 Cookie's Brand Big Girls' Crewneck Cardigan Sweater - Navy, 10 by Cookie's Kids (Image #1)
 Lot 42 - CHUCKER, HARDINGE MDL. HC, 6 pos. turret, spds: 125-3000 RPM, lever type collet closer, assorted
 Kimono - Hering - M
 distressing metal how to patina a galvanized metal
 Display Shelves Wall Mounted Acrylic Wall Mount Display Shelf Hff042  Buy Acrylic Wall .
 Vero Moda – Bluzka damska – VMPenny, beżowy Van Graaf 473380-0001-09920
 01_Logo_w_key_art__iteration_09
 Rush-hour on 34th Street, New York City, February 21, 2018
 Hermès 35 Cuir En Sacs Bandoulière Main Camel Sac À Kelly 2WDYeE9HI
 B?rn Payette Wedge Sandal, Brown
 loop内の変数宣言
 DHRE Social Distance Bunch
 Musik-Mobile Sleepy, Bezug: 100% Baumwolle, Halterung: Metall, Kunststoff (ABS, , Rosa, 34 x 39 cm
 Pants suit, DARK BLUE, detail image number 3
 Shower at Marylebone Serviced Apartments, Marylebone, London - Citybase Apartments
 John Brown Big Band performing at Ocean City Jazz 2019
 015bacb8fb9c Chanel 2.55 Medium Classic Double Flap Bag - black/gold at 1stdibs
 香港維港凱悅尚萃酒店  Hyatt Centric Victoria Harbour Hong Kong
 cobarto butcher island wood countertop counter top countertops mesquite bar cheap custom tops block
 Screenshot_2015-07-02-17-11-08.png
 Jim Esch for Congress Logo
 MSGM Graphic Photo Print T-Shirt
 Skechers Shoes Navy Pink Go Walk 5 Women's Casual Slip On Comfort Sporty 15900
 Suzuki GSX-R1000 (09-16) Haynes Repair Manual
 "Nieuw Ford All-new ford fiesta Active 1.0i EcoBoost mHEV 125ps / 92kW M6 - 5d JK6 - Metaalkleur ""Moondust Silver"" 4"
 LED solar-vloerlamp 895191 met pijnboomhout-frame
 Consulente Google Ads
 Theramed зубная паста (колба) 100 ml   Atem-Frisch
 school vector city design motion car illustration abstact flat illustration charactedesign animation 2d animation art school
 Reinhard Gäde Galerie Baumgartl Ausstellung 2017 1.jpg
++++++++++++++++++++
Write out, exactly as shown, only the lines running from the one that contains "Consulente Google Ads" to the last line above.

• _ANSWER AREA_
 Consulente Google Ads
 Theramed зубная паста (колба) 100 ml   Atem-Frisch
 school vector city design motion car illustration abstact flat illustration charactedesign animation 2d animation art school
 Reinhard Gäde Galerie Baumgartl Ausstellung 2017 1.jpg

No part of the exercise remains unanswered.